It also reminds me of the Rayovac Sportsman of a few years back but with a two stage slider instead of tailcap clicky.

If you kept reading but don't like cool white beams stop reading here. It has a pretty chilly beam but no blues, greens or other strange colors were present. Not copy paper white mind you, just a hint of yellow. 5700-6000 kelvin would be my guess. I did not detect any PWM on low using a photo of a running fan method. 

Speaking of beam, it has 3 distinct beams. One in the center for a pencil beam that throws well, a second one that has a nice bright wide spill. The third is a gentle spill that lights up to the edge of your peripherals while not killing your night adapted peripheral vision. 




Neat trick Coleman. 
The three beam trick is probably easy on the eyes in a dense forest scenario. 





The low beam is really good for 8-10 meters. 
That's a 36" round wrought iron fire pit in the photo. 





The high beam is really good for about 100-150 meters. 

If the slider switch holds up a year or two I'll be happy. It has positive detents like a vintage Bright Star but has a low/high instead of signaler/full on. And yes you can signal with this one on low. You can go from low to high if you want but that would not be ideal for stealth. The detent is stiff enough where you probably won't turn it on unless you mean to. It's likely meant for camping or an urban jungle. 

No antiroll areas or provisions for a wrist strap but the rubberized head can be sanded or ground to add flat spots and the rubberized tail cap cover should be easy to drill for a lanyard. 

I paid $15 at Wal Mart and will probably buy another next time I'm there. It's a 2018 product but is likely to be my favorite budget light this year thanks to the super throw beam and slider switch.

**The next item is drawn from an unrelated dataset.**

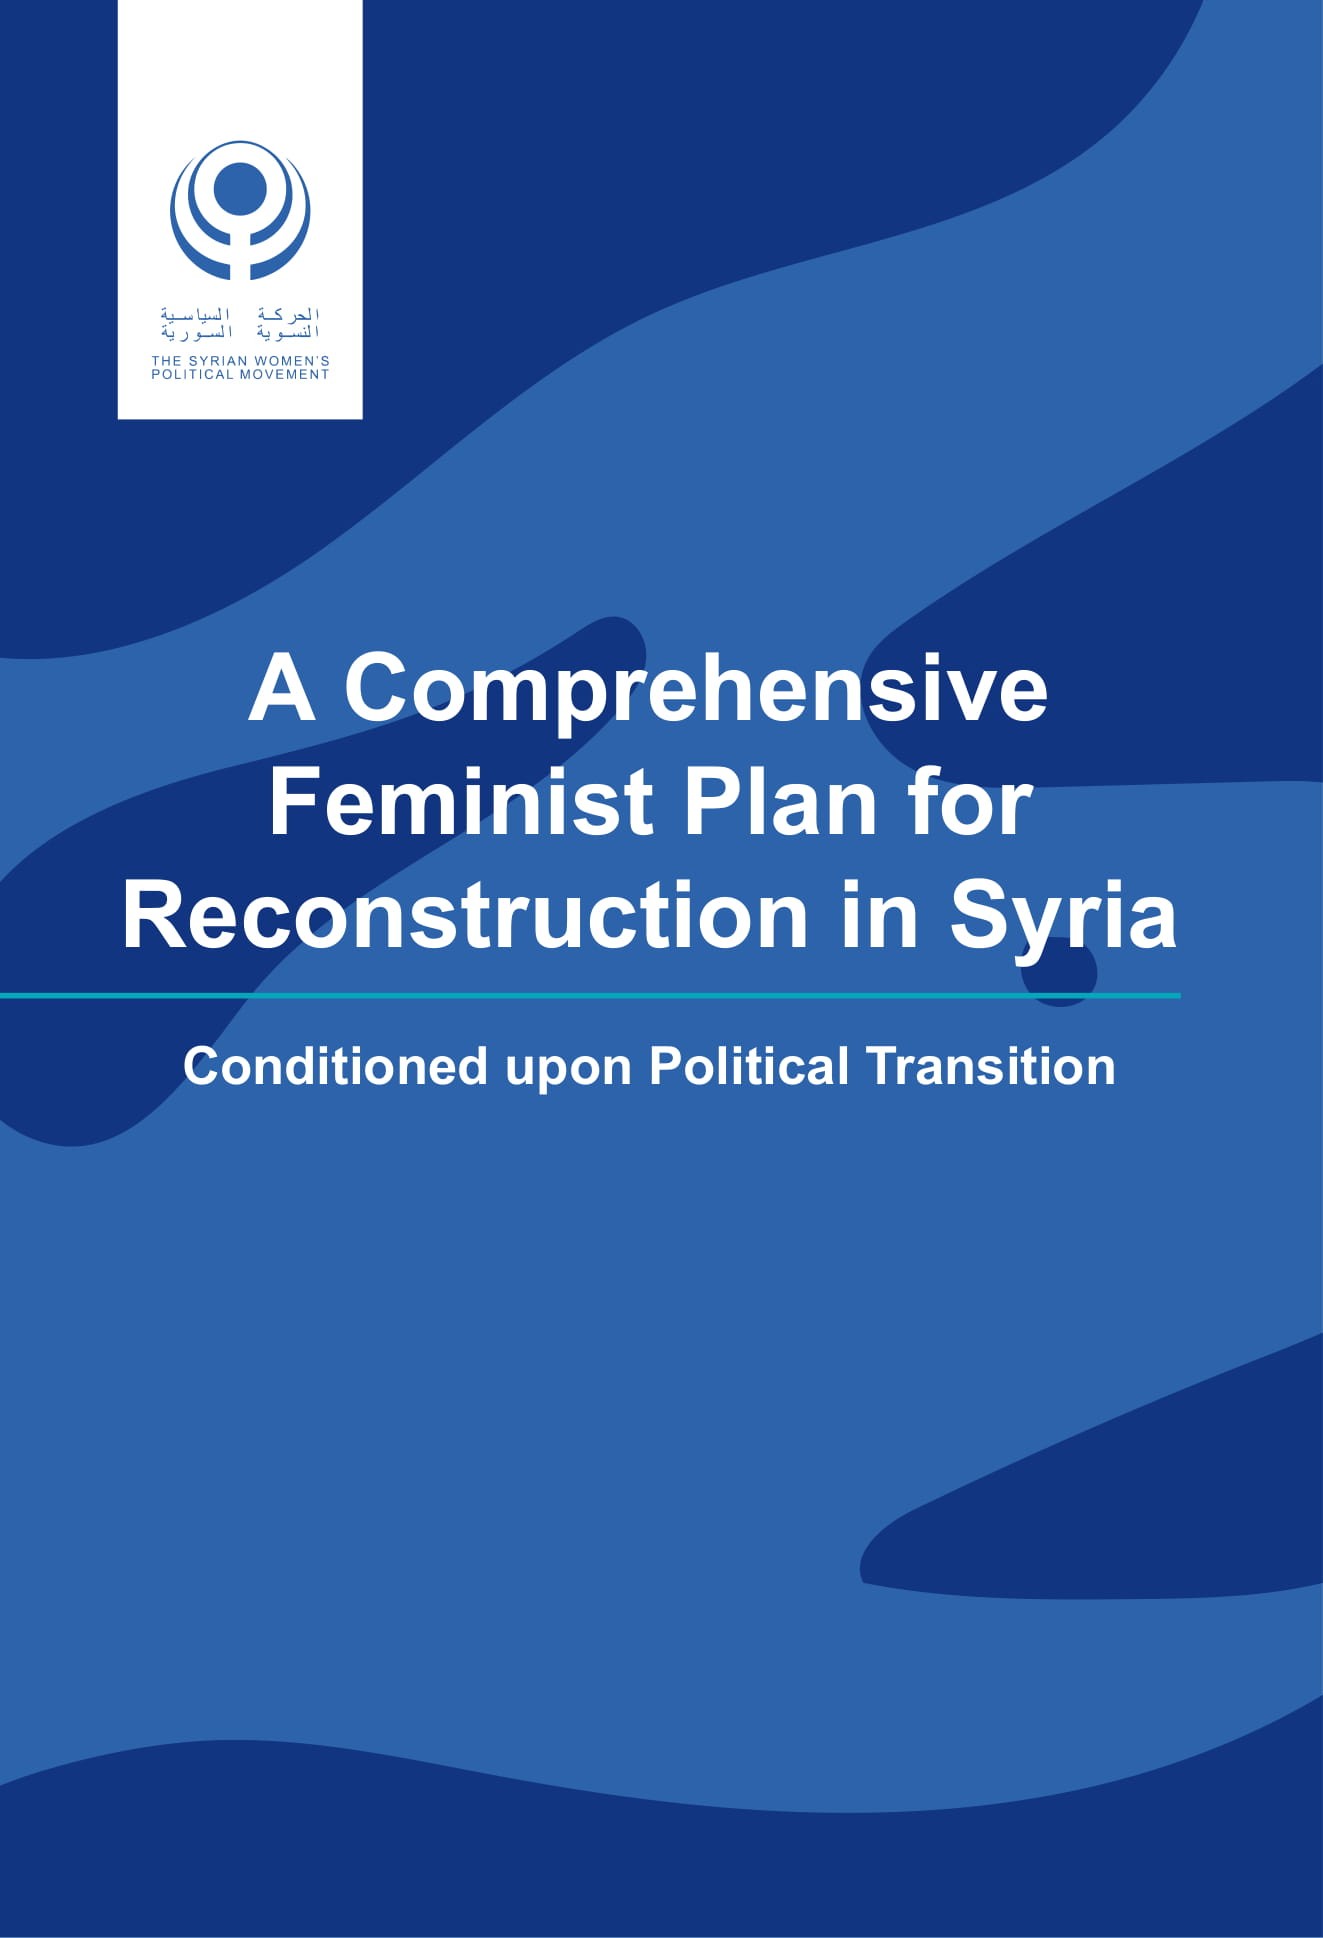 A Comprehensive Feminist Plan for Reconstruction in Syria with the condition of political transition

Edit: corrected lumen amount so instead of saying 250 lumens it says 325. The 250 is the distance it is said to reach in meters.
End this edit.


----------



## greenpondmike

I'm glad you like it bykfixer. I found a dandy by accident.


----------



## greenpondmike

I saw your 2 stage hotspot, but it seems like yours isn't as pronounced as mine. It could be a slight variation in the production run of the head. Your hotspot seems brighter than mine. The head screws off also and causes the hotspot to be less intense like a mini mag pro does as you unscrew it. The head comes completely off and you can use it for a mule. My beam seems to be a 2 stage hotspot and a 3 stage spill that gently transitions- unlike the mag beam. I wonder if it will make it out to 250 meters with those 325 lumens.
They also have a 325 meter one, but I don't remember how many lumens it is on high, but that one has a 10 lumen low. 
On the head, I think they want people to discover it on their own. It IS a feature, but they are probably shy about listing it lest Mr. Tony sues them 

This light is sure enough special.


----------



## Chess

I got a light at Home Depot...I'm not sure the name of it...it looks somewhat generic...but it actually puts out a very bright beam of light. I'm sure others here have seen them. I will try to get the details and post pics of the light output and size, but I think when I got it, it was under the name "DEFIANT"


----------



## Lynx_Arc

Chess said:


> I got a light at Home Depot...I'm not sure the name of it...it looks somewhat generic...but it actually puts out a very bright beam of light. I'm sure others here have seen them. I will try to get the details and post pics of the light output and size, but I think when I got it, it was under the name "DEFIANT"


Defiant is HDs generic brand for lights. Somewhat lackluster and cheap line of lights that are rarely mentioned around here now that they have been out for a few years and keep turning out lights that perform about like we had 10 years and 2 generations ago.


----------



## bykfixer

Welcome aboard chess. 
Defiant lights are fine and come with a good guarentee. It breaks and they replace it. I have a few. Matter of fact the one hanging by my back door is one from about 2016 that has served me well. 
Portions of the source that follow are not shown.